Ketika [H+] di dalam arteri meningkat sebagai hasil dari metabolisme, pusat respirasi
di batang otak akan menstimulasi refleks untuk meningkatkan ventilasi paru-paru
(frekuensi pertukaran gas antara paru dan atmosfer). Peningkatan frekuensi dan
semakin dalamnya pernapasan, menyebabkan lebih banyak CO2 yang dikeluarkan,
akibatnya semakin sedikit H2CO3 yang ditambahkan ke dalam cairan tubuh. Karena
CO2 membentuk asam, ekskresi CO2 akan mengurangi asam berlebih yang diproduksi
dari aktivitas metabolisme.

Sebaliknya, ketika [H+] dalam arteri turun, ventilasi paru-paru juga akan menurun.

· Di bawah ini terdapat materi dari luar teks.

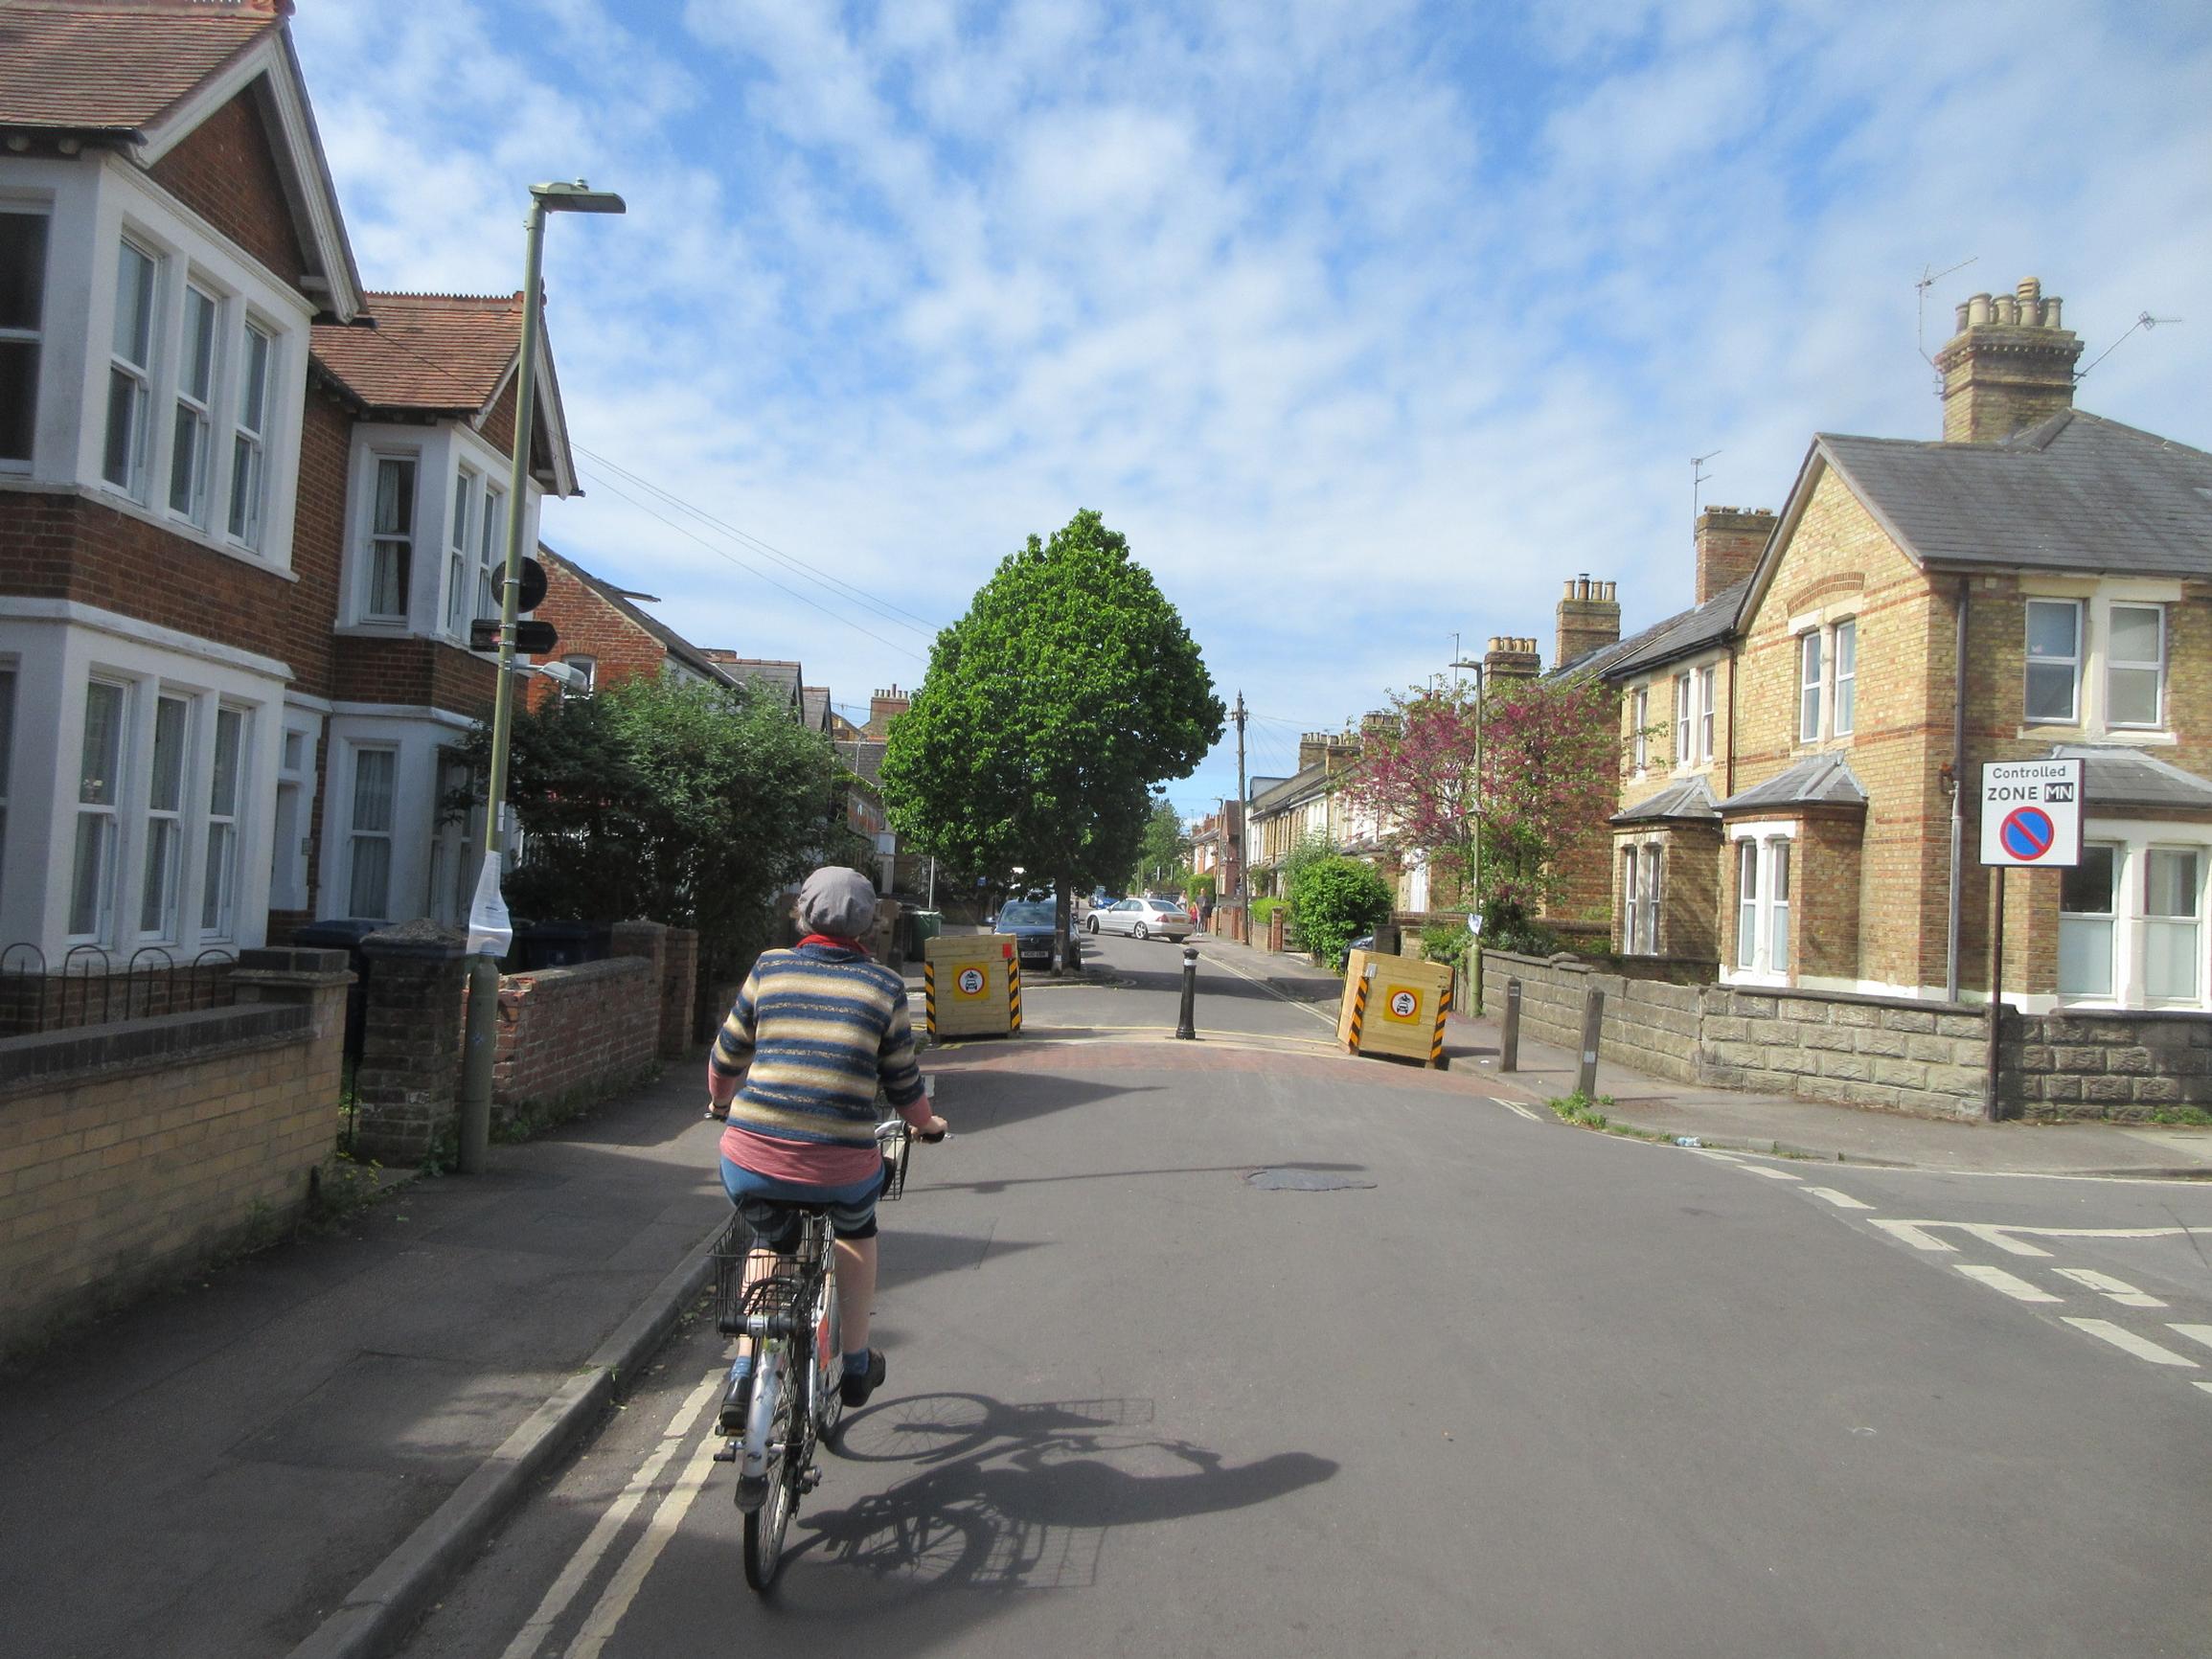 One of the new Low Traffic Neighbourhoods in East Oxford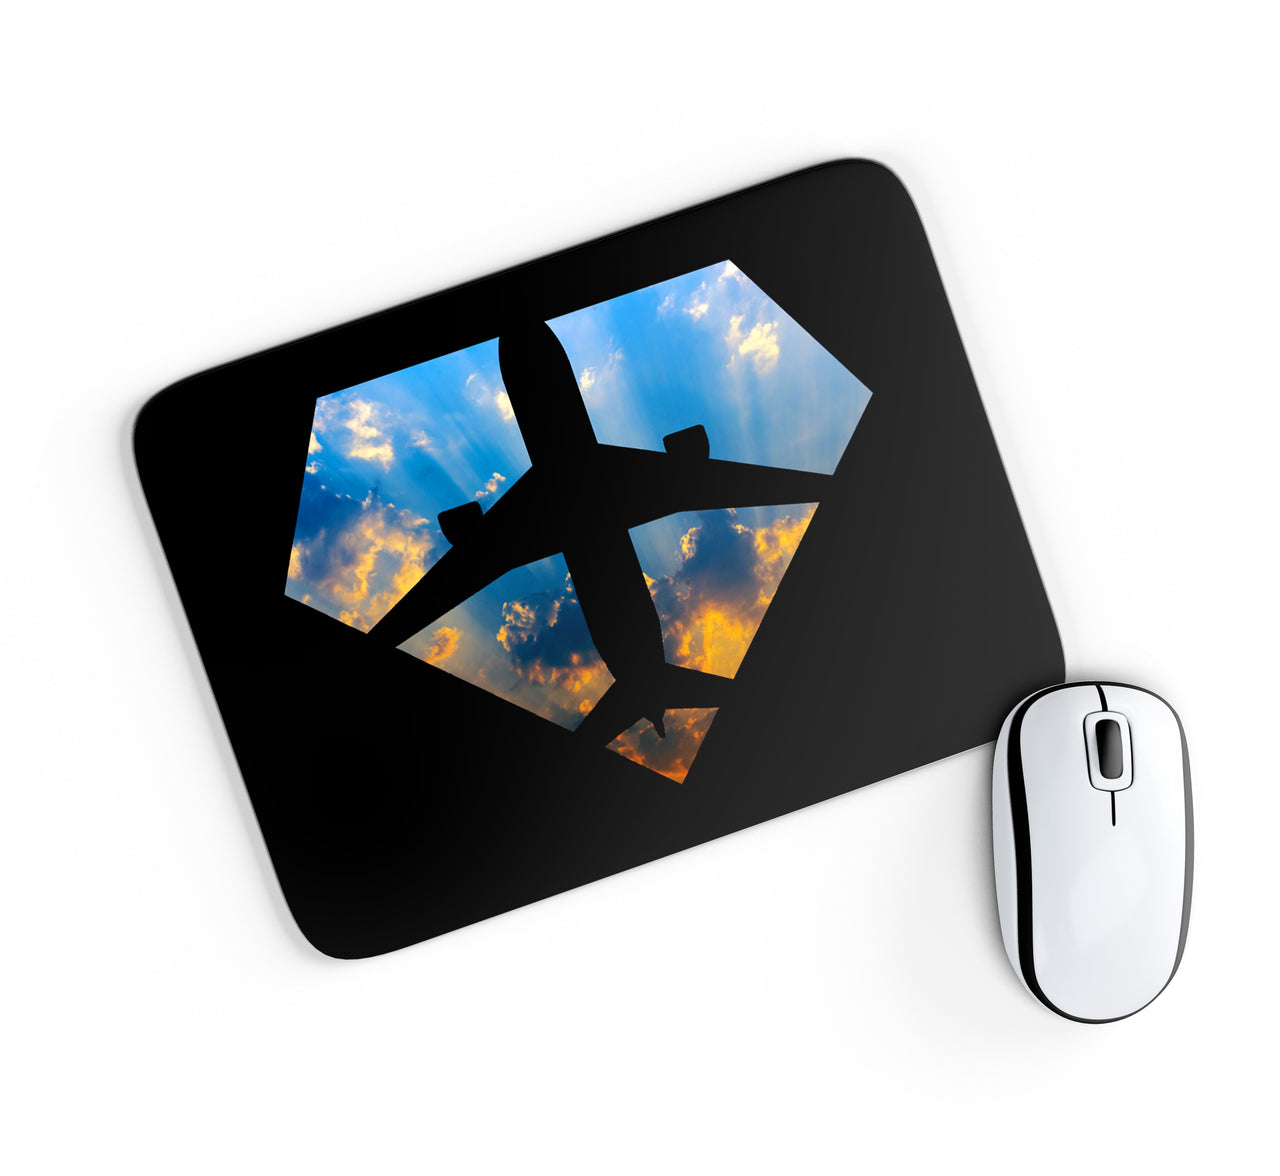 Supermen of The Skies (Sunrise) Designed Mouse Pads

Akibatnya, frekuensi pernapasan menjadi lebih lambat dan lebih dangkal. CO2 hasil
metabolisme akan berdifusi dari sel ke dalam darah lebih cepat daripada yang bisa
diekskresi dari darah oleh paru-paru. Oleh karena itu, akan terjadi peningkatan
pembentukan asam dari CO2 yang terakumulasi di dalam darah, yang akan
meningkatkan [H+] menjadi normal kembali.

(SUMBER: Sherwood L. Human Physiology from Cells to Systems. Ed ke-6.